The People Who Rebuilt New Orleans Are Still Waiting to Get Paid
The parking lot of Lowe’s Home Improvement in the St. Roch neighborhood of New Orleans is much like the parking lot of other big-box building-supply stores across the country. The curb near the exit is what Latino day laborers call an esquina, or “corner,” where they congregate and wait for contractors with drywalls to install, or suburban dads with junk that needs hauling. Beginning at dawn, people with jobs of all sizes drive up to these corners and select workers to perform difficult manual labor for below minimum wage, or specialized work for as much as $15 an hour.
One humid evening in May around sunset, a few dozen men, most of them from Honduras and Mexico, are cracking beers and socializing around quitting time. A smaller group squats around a dusk-lit game of small-stakes craps.
Lurking on the outskirts of the game and sipping a soda is David Solomon Vasquez, an ebullient 24-year-old Honduran wearing a Dodgers cap. Vasquez has been coming to this corner since the age of 14, when he joined thousands of other Latino workers in a mass migration to the city in the roiling wake of the flood that followed Hurricane Katrina, a Category 3 storm when it hit the Big Easy. Asked about his decade in New Orleans, Vasquez first recalls the horrors of the early days, when the detritus he removed from homes included water-bloated corpses. “Even months later, you’d find a lot of bodies,” says Vasquez. “In one attic we found an old lady and a young boy, her grandson. They were trying to escape the water, but it got them. Even after they removed the bodies, the smell stayed for days.”
The hanging stench of death proved a temporary aspect of post-Katrina New Orleans. Vasquez goes on to describe a more enduring feature of life for those who cleaned up and then rebuilt the Crescent City: rampant wage theft. Early in his tenure here, Vasquez learned that contractors could not be trusted like the contractors in Nevada, his first stop after leaving home. As the 10th anniversary of Katrina approached, Vasquez rattles off stories of employers cheating him out of his wages. Many of these stories involve threats of violence, including one from just the month before.
“I worked with five guys for three or four days on this house,” he says. “We were supposed to get $120 a day. The contractor kept telling us, ‘Come back tomorrow for your money.’ We waited and waited. Finally we said, ‘We’re calling the cops.’ He puts a gun to my neck, says, ‘You want me to call the police?’ So he called the cops—who were his friends. They warned us we were trespassing and told us to go home. This happens a lot. I try to stay away from contractors I don’t know.” (The communications director, public affairs division for New Orleans Police Department, Tyler A. Gamble, emailed that ensuring compliance with federal labor laws "is not the responsibility of NOPD.")
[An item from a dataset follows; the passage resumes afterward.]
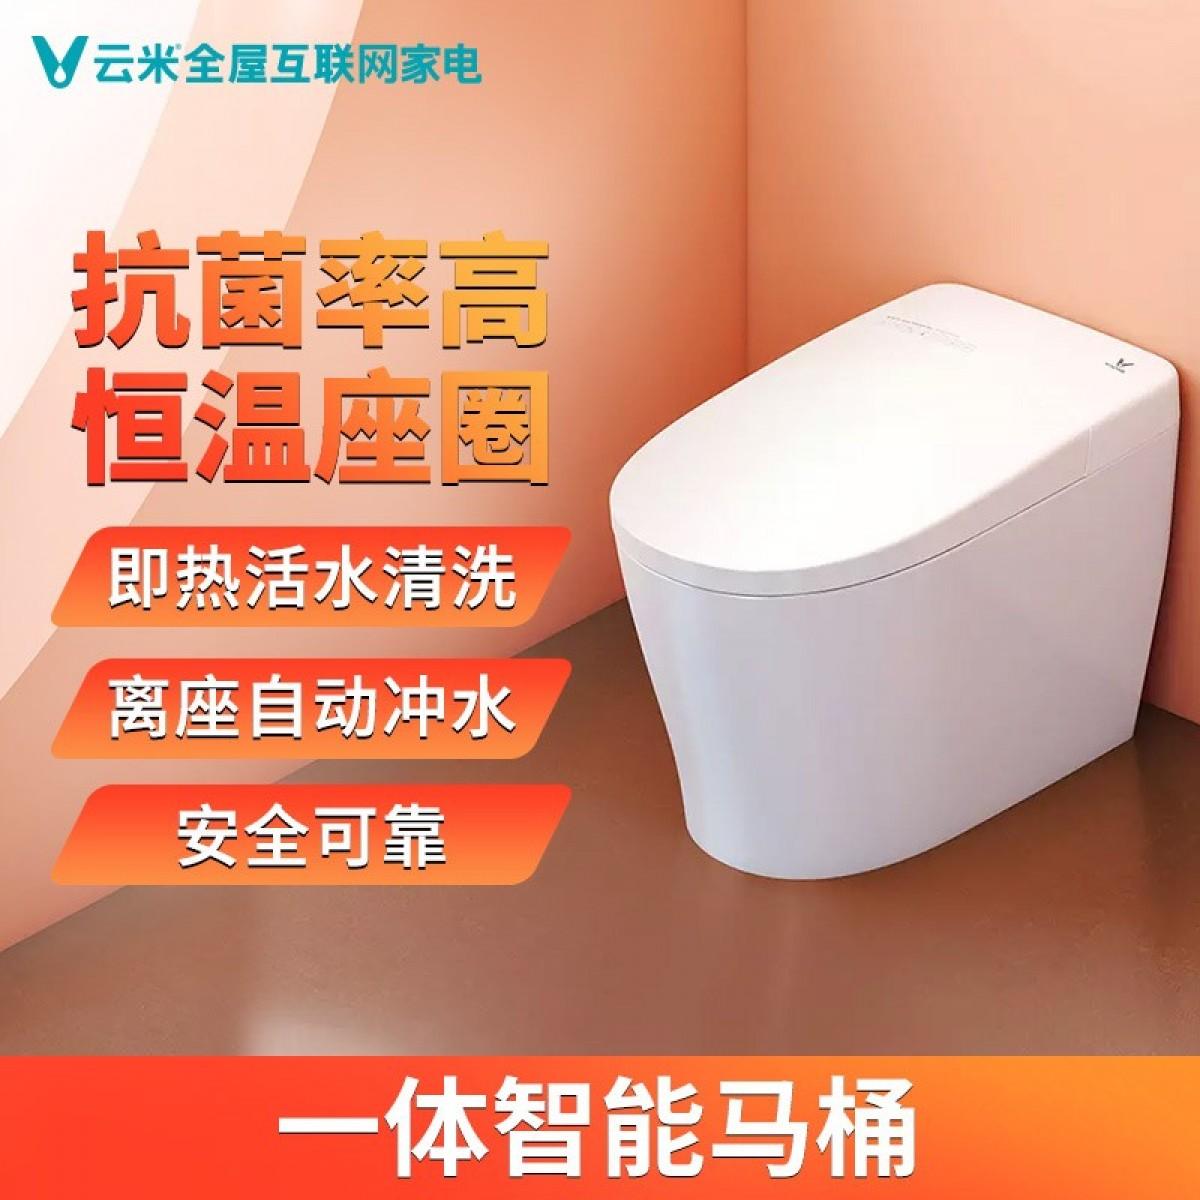 云米(VIOMI) 智能马桶全自动一体式坐便器即热式冲洗烘干妇洗多功能电动坐便器卫浴小鲸鱼 VZMT04
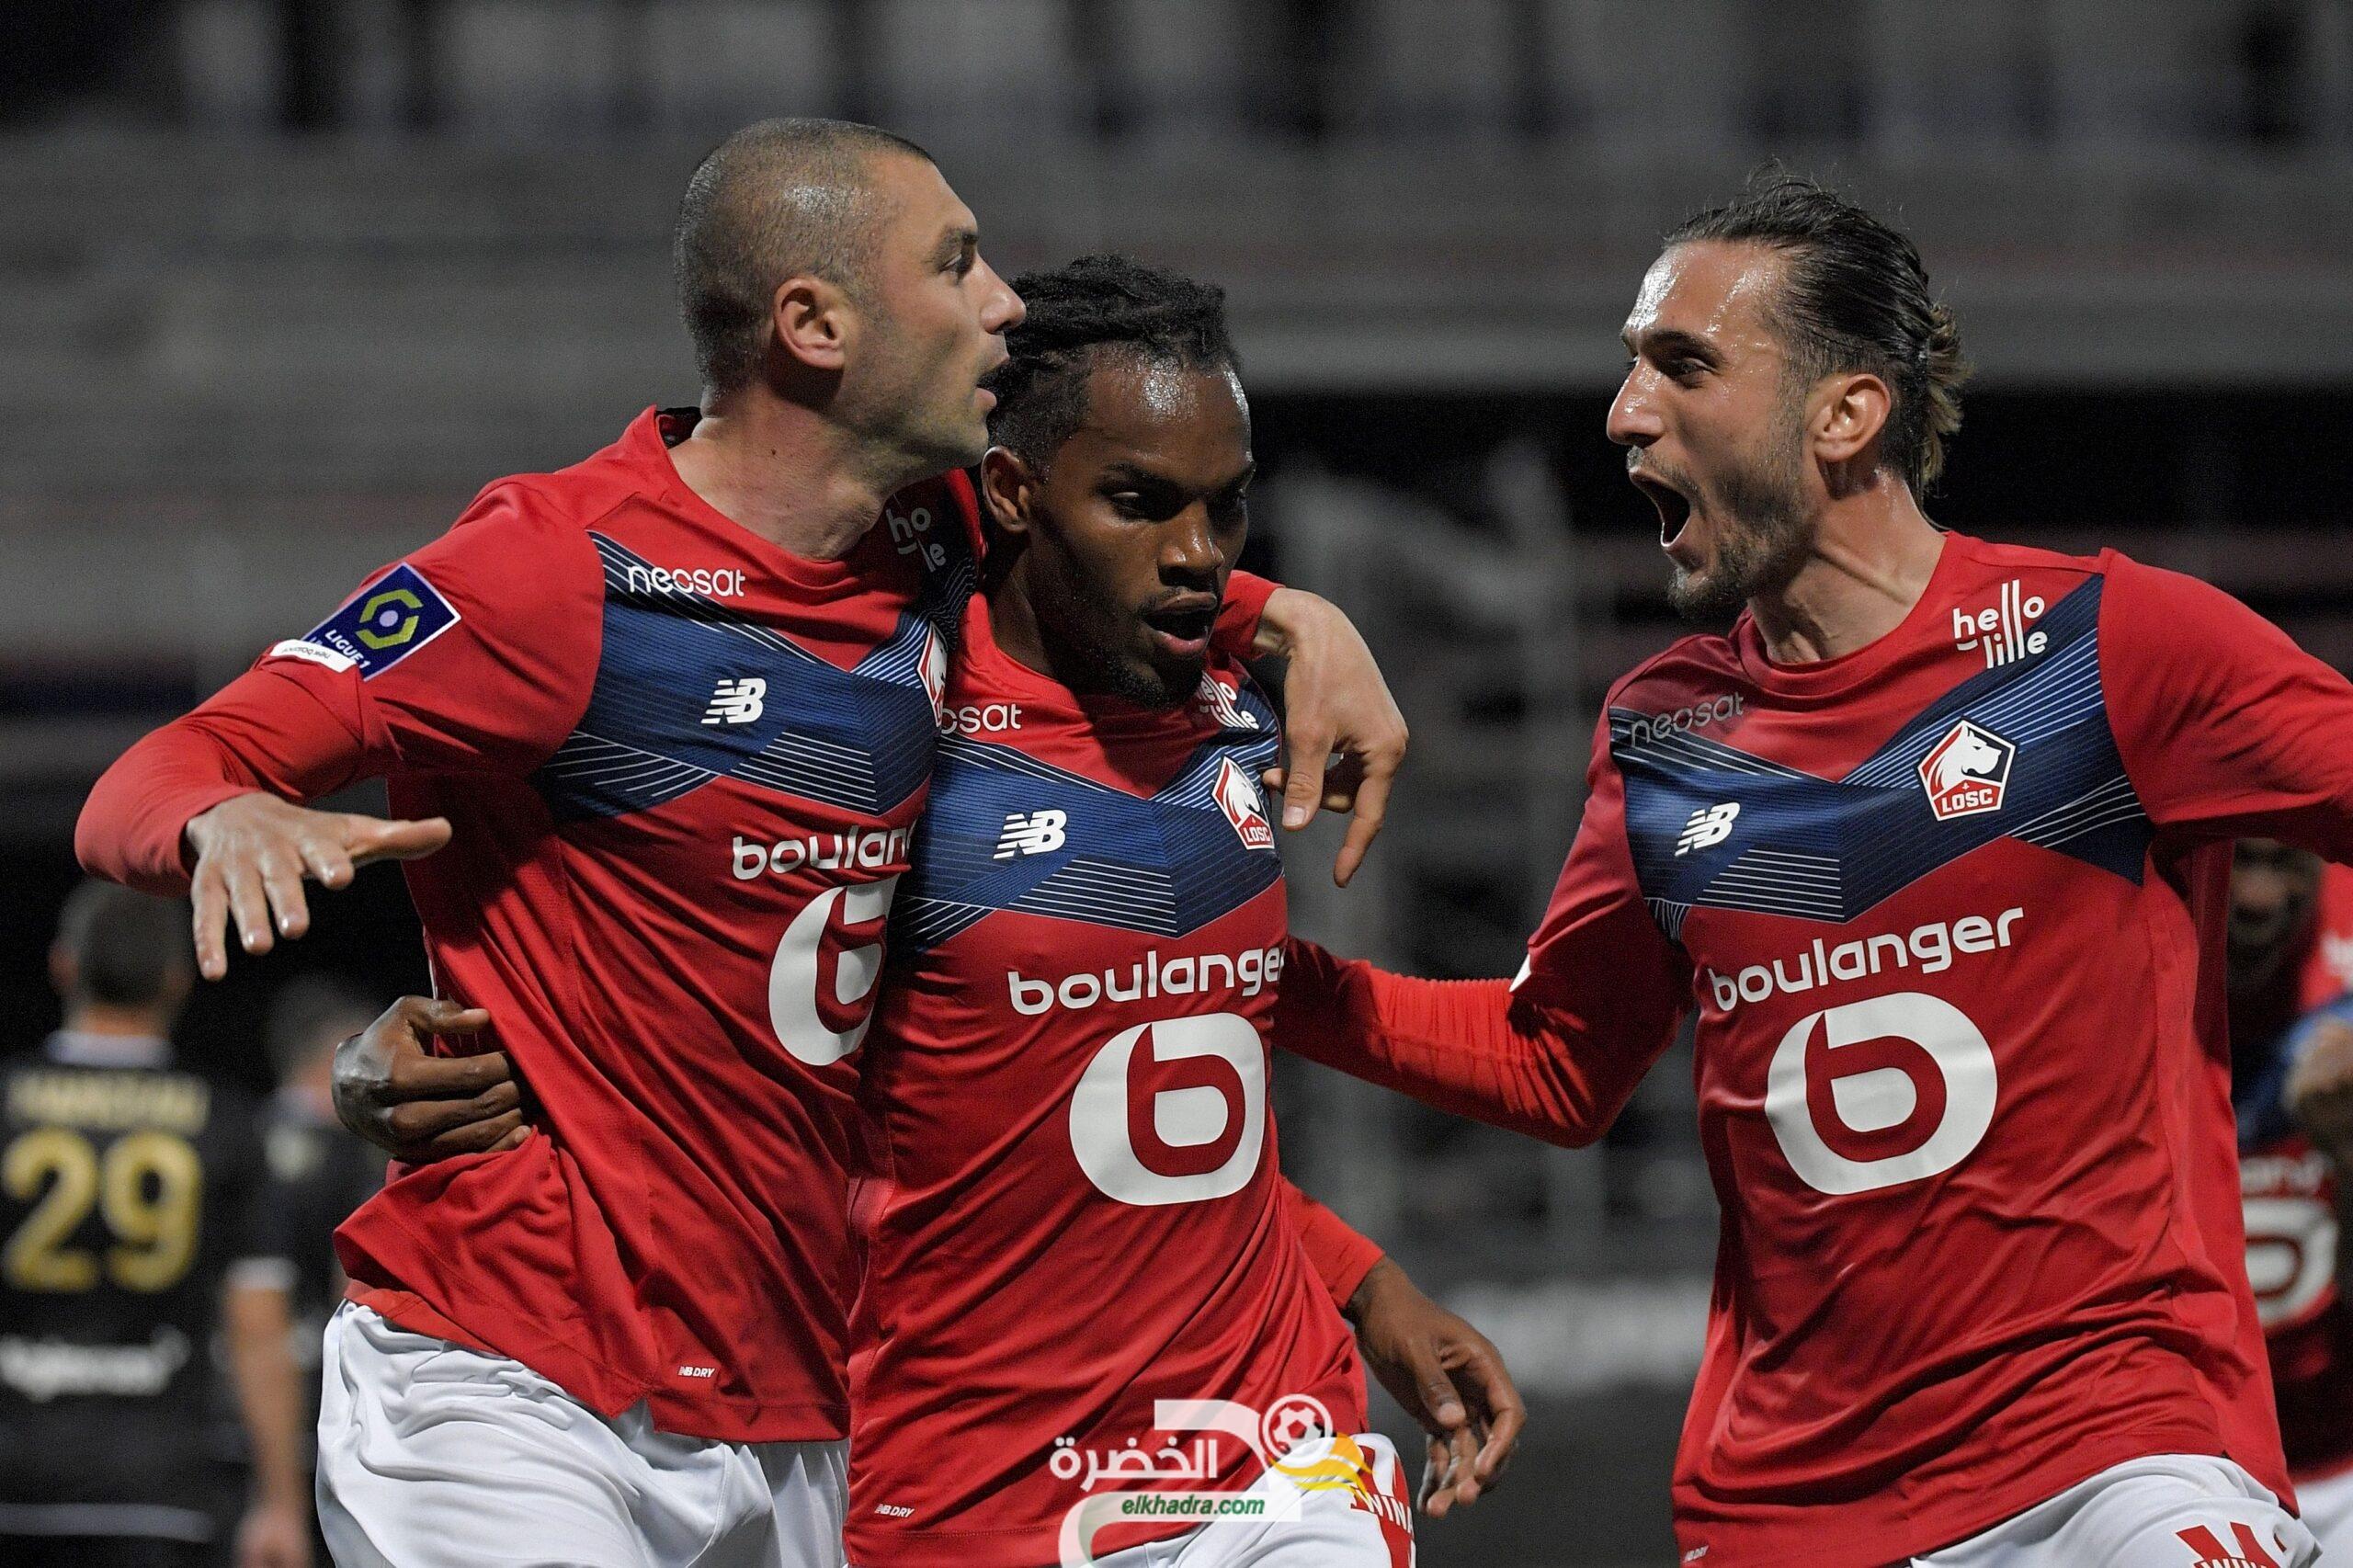 ليل يعود من بعيد ويتوج بطلًا للدوري الفرنسي للمرة السادسة في تاريخه 1

During a decade of fast-paced and rough-and-tumble post-Katrina reconstruction, contractors have stolen an estimated aggregate fortune worth millions of dollars from migrant workers like Vasquez. Accounts by him, other migrant workers, employment lawyers, workers’ advocates, and others paint a picture of systematic and multifaceted exploitation. Wages go unpaid or underpaid. Police are unresponsive or aggressive. (Gamble did not respond to this point.) Law and policy in Louisiana tilt heavily to employers over workers: The state does not have a department of labor, the agency that in many states acts as a watchdog against wage theft and enforces the laws meant to inoculate against it; the responsibility for recovering wages lies entirely with the worker. Legal experts’ efforts to engage the state’s attorney general in addressing the problem have not been fruitful; meanwhile, the political climate is openly hostile to new migrants and the communities they’ve built in the city’s outer suburbs.
“People have done months of work without getting paid,” says Jose Cabrera, a construction worker in the city since 2005, “and the city doesn’t care.”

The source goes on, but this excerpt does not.